Local businessman and beer historian, Scott R. Mertie, wrote a book on Nashville's Brewing History, which was published in 2006. It spanned the period from the early 18th century to the modern day microbreweries in Nashville. In 2011, Mertie coordinated with the Metro Nashville Historical Commission to erect a historical marker where the Nashville Brewing Company/Gerst Brewing Company once operated.
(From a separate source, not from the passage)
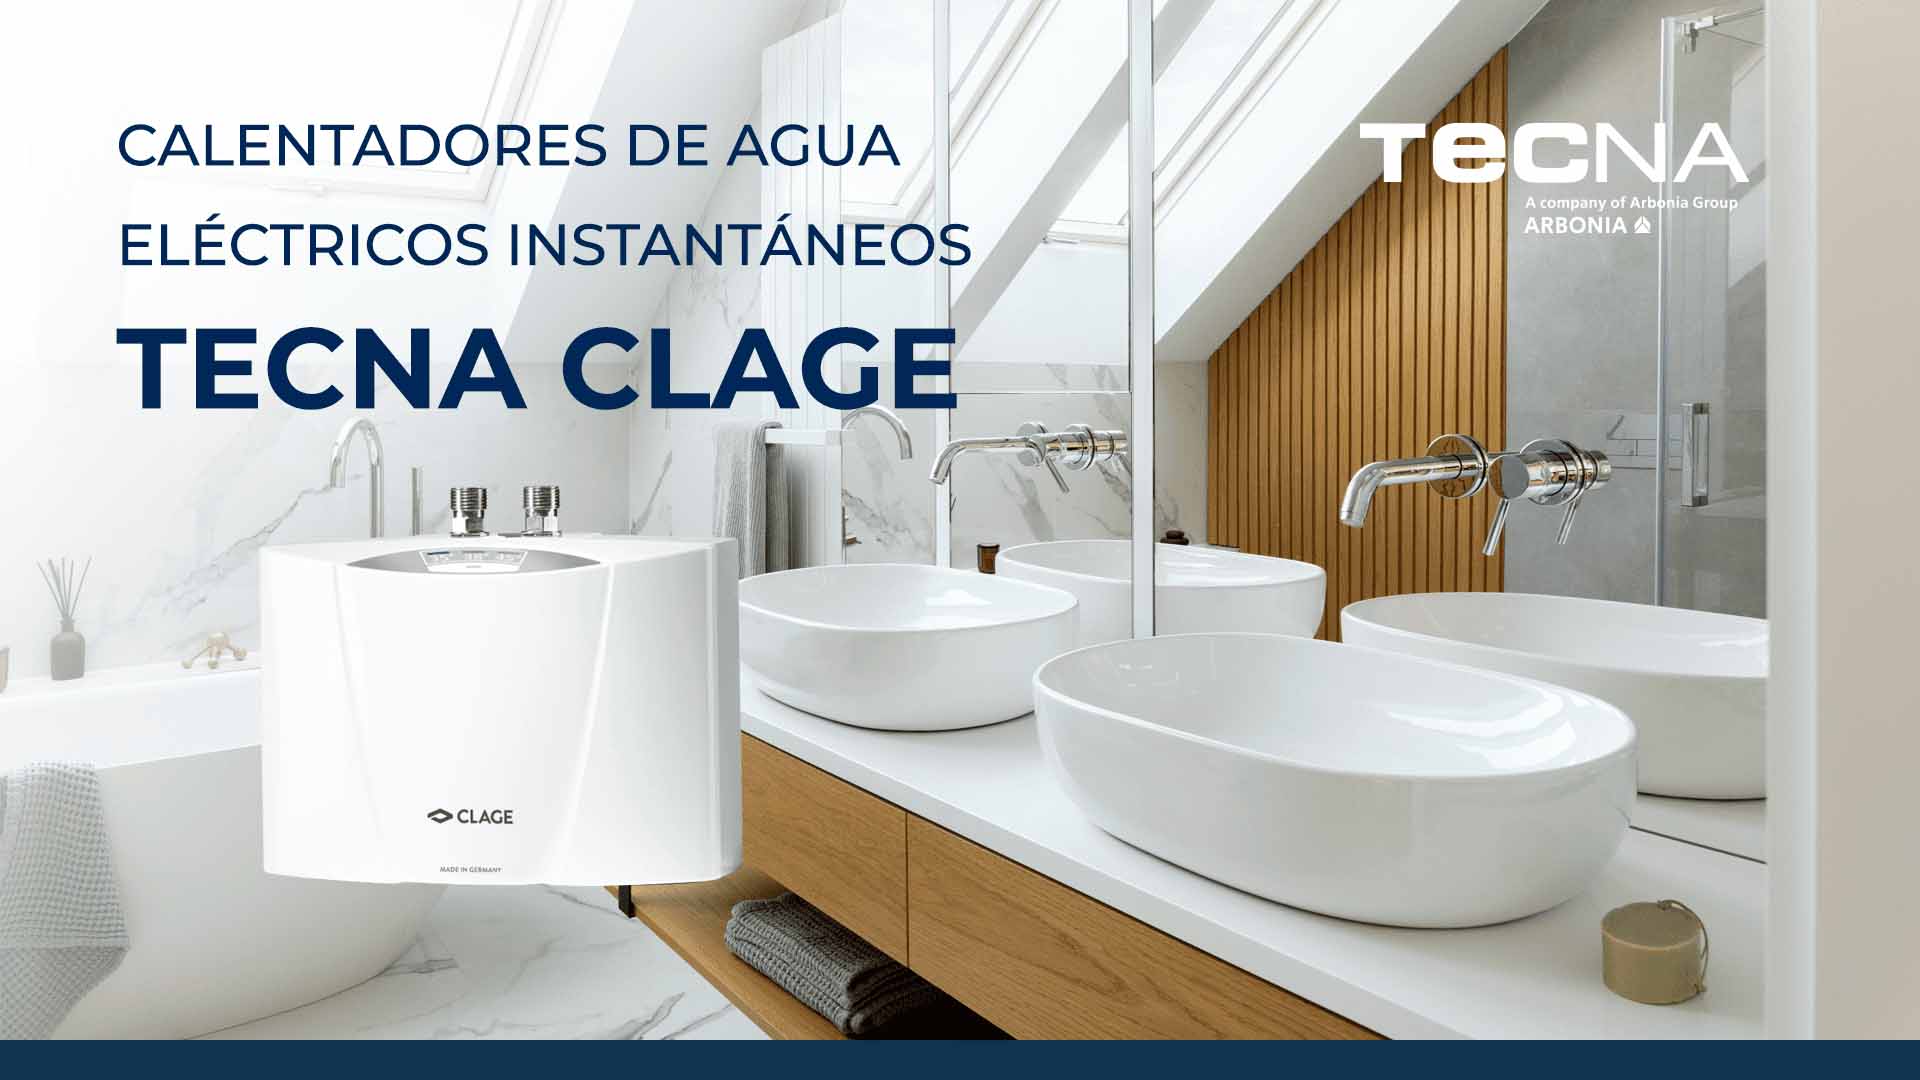 Calentadores eléctricos instantáneos de agua TECNA CLAGE MBH - Tecna

In 2016, the Nashville Brewing Company was restarted by Mertie, who partnered with long-time friend Kent Taylor to have the historical European-style lagers brewed by Blackstone Brewing Company, Nashville's oldest craft brewery, having been established in 1994. They made an intense study of the production methods of the original company in order to produce the same lager beers that the immigrants would have brewed in the late 1800s.

In May 2018, the revived company won a silver medal at the prestigious World Beer Cup for its Nashville Lager, in the Munich Helles category. In September of the same year, the company won a bronze medal in the 2018 Great American Beer Festival competition's kellerbier/zwickelbier category for its NashZwickel, an unfiltered lager. The brewery has won numerous other awards for their traditional lagers.

In April 2019, the brewery was among the handful of local breweries to be featured in a Sports Illustrated piece, "The NFL Draft (Beer) Guide: Getting a taste of draft host Nashville's Craft Brewery Scene", published in conjunction with the 2019 NFL draft in Nashville.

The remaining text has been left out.